WHAT THIS TASK INVOLVES: Everything in the listing below should be repeated exactly, apart from the pictures.

COLLECTED DATA:
# # # # # # #
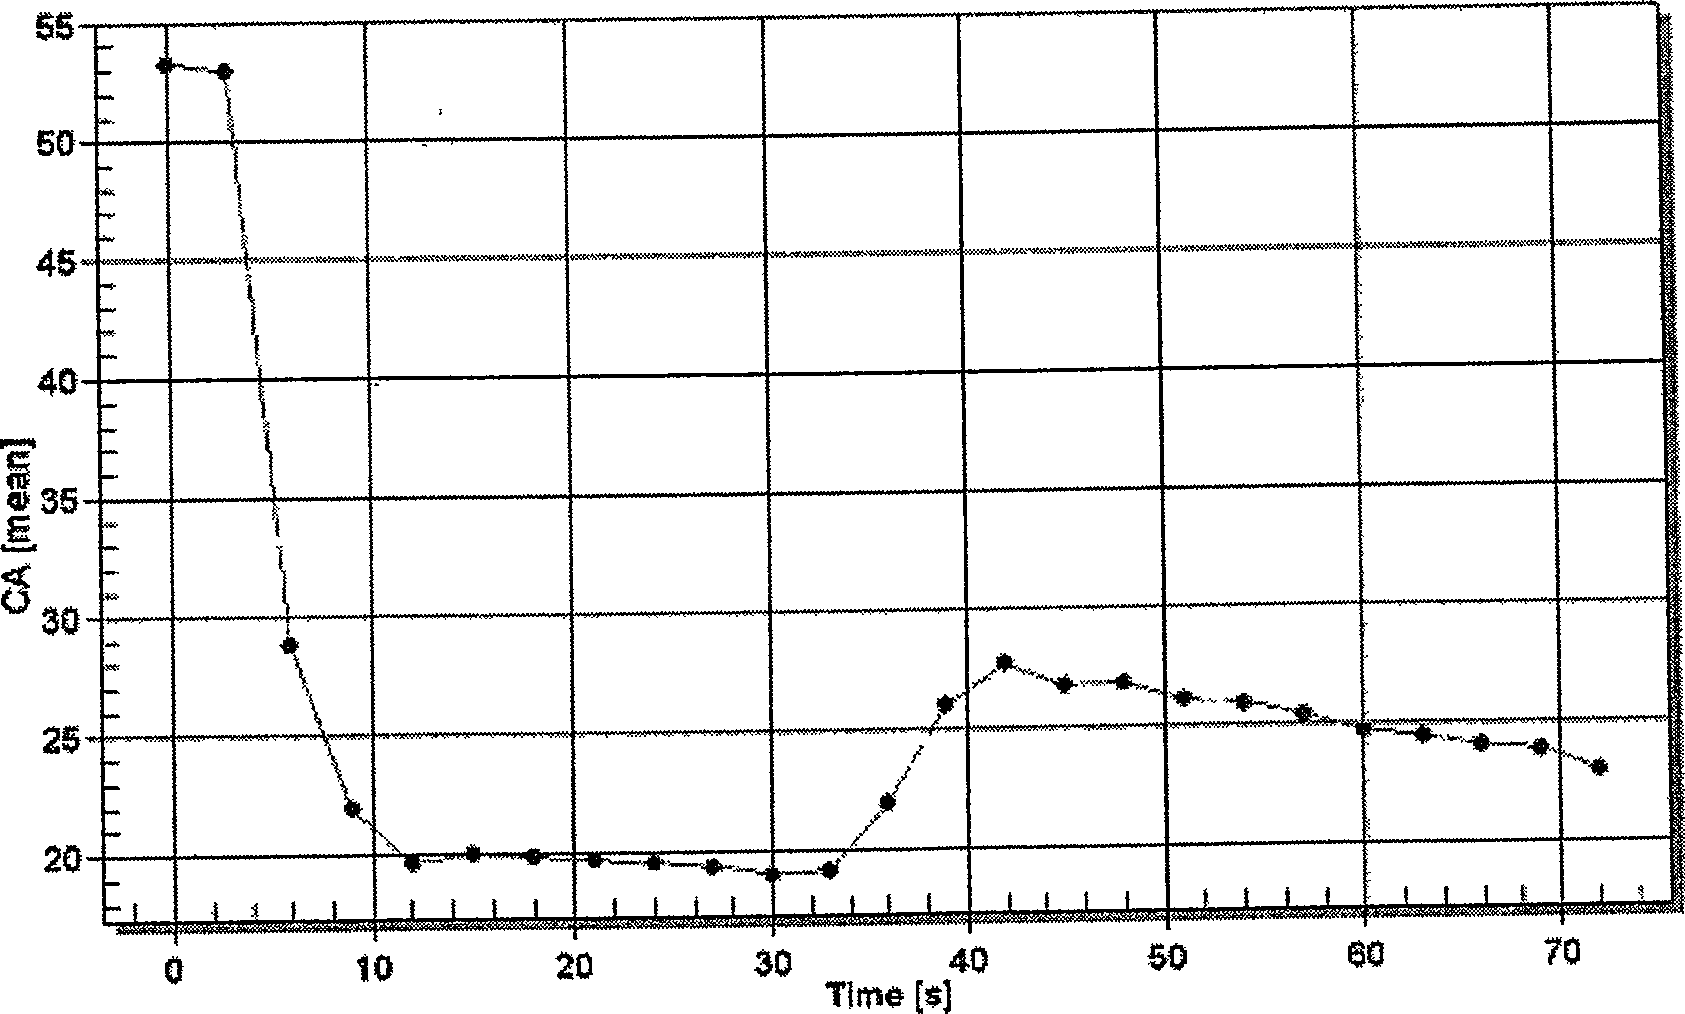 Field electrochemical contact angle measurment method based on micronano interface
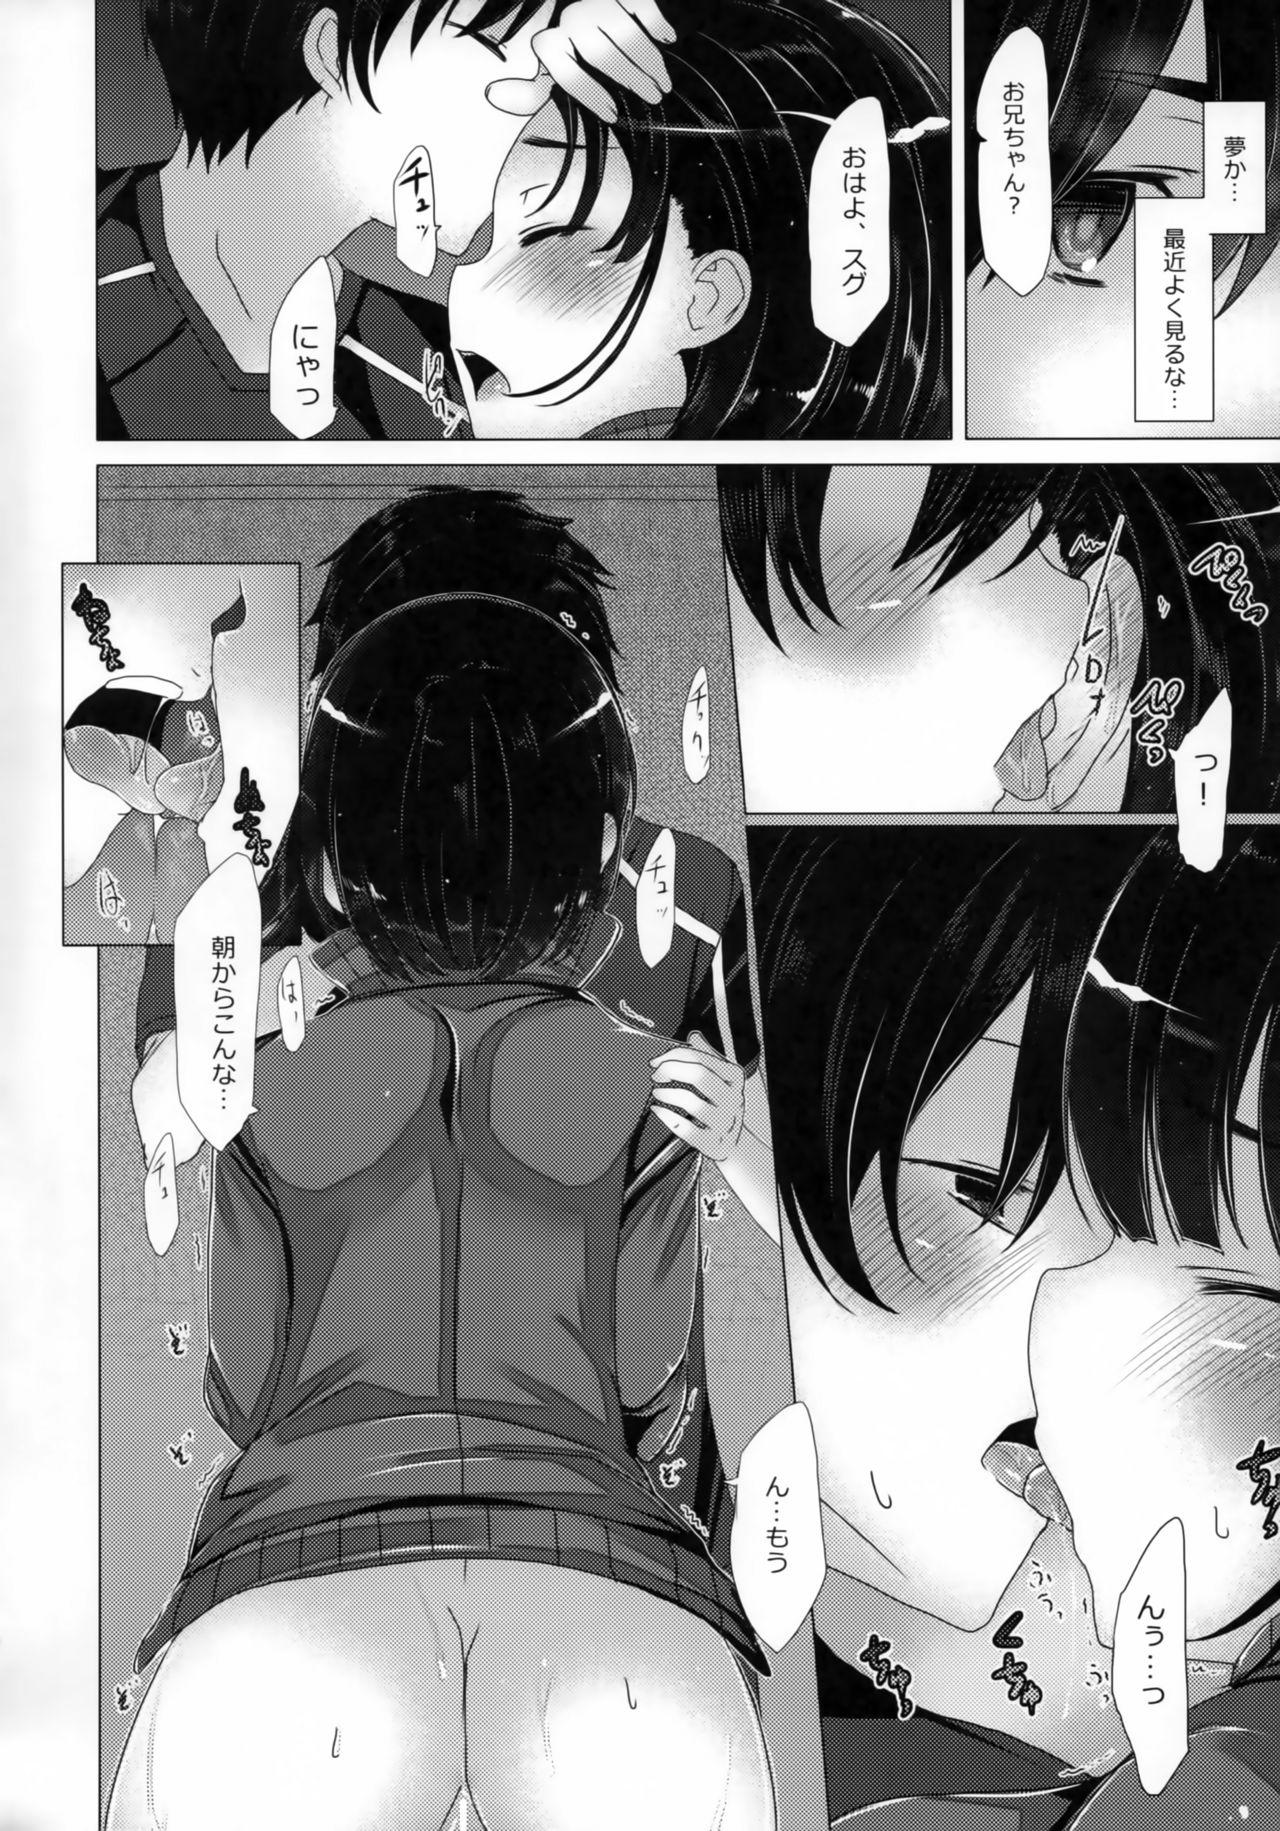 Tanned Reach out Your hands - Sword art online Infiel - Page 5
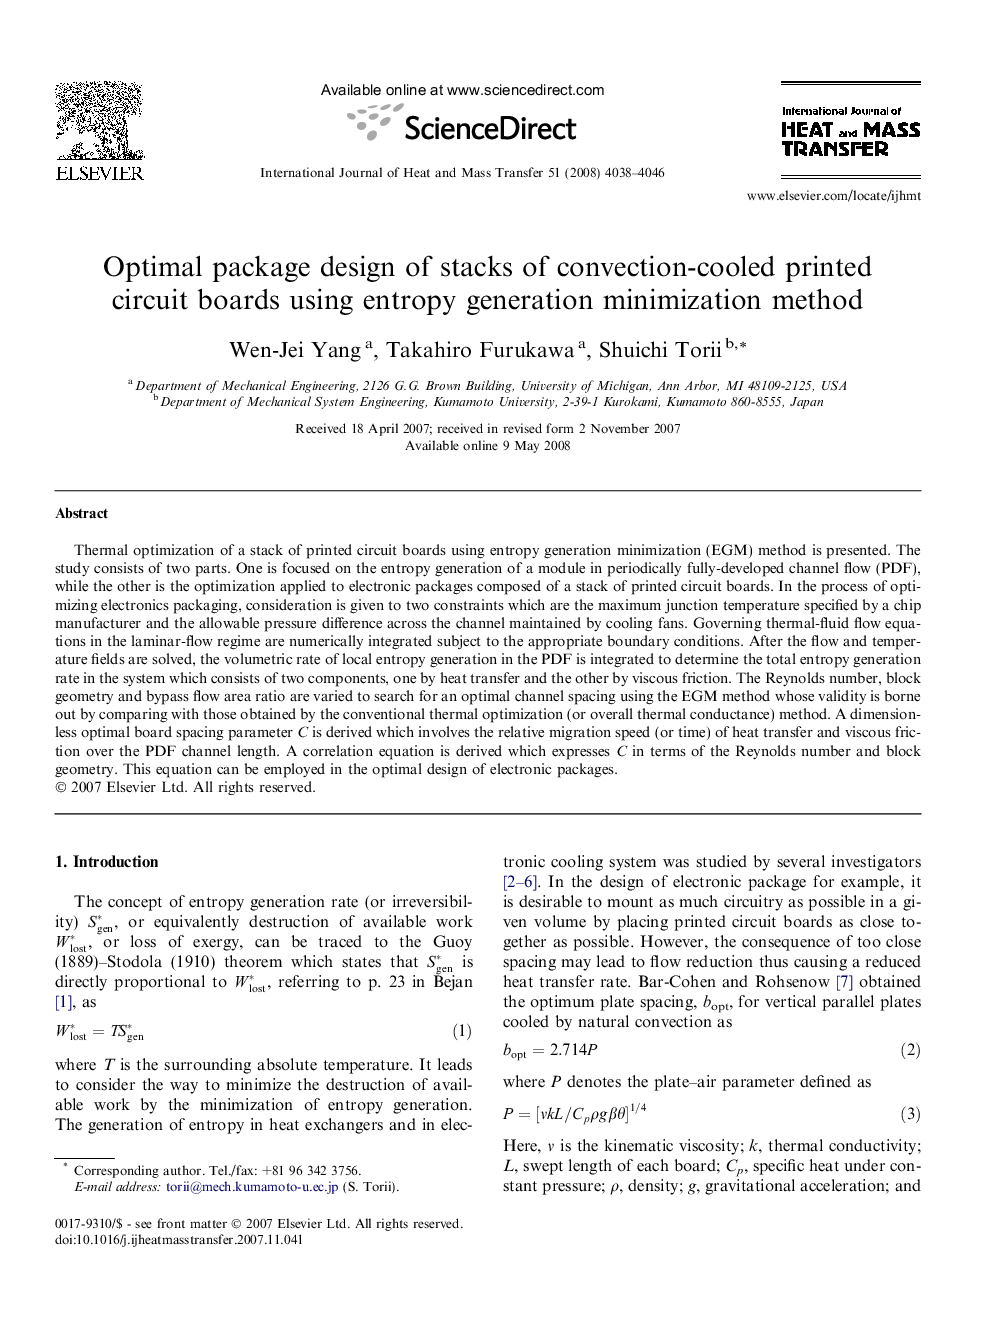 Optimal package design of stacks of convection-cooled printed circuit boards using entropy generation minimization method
# # # # # # #
EXPECTED OUTPUT:
 Field electrochemical contact angle measurment method based on micronano interface
 Tanned Reach out Your hands - Sword art online Infiel - Page 5
 Optimal package design of stacks of convection-cooled printed circuit boards using entropy generation minimization method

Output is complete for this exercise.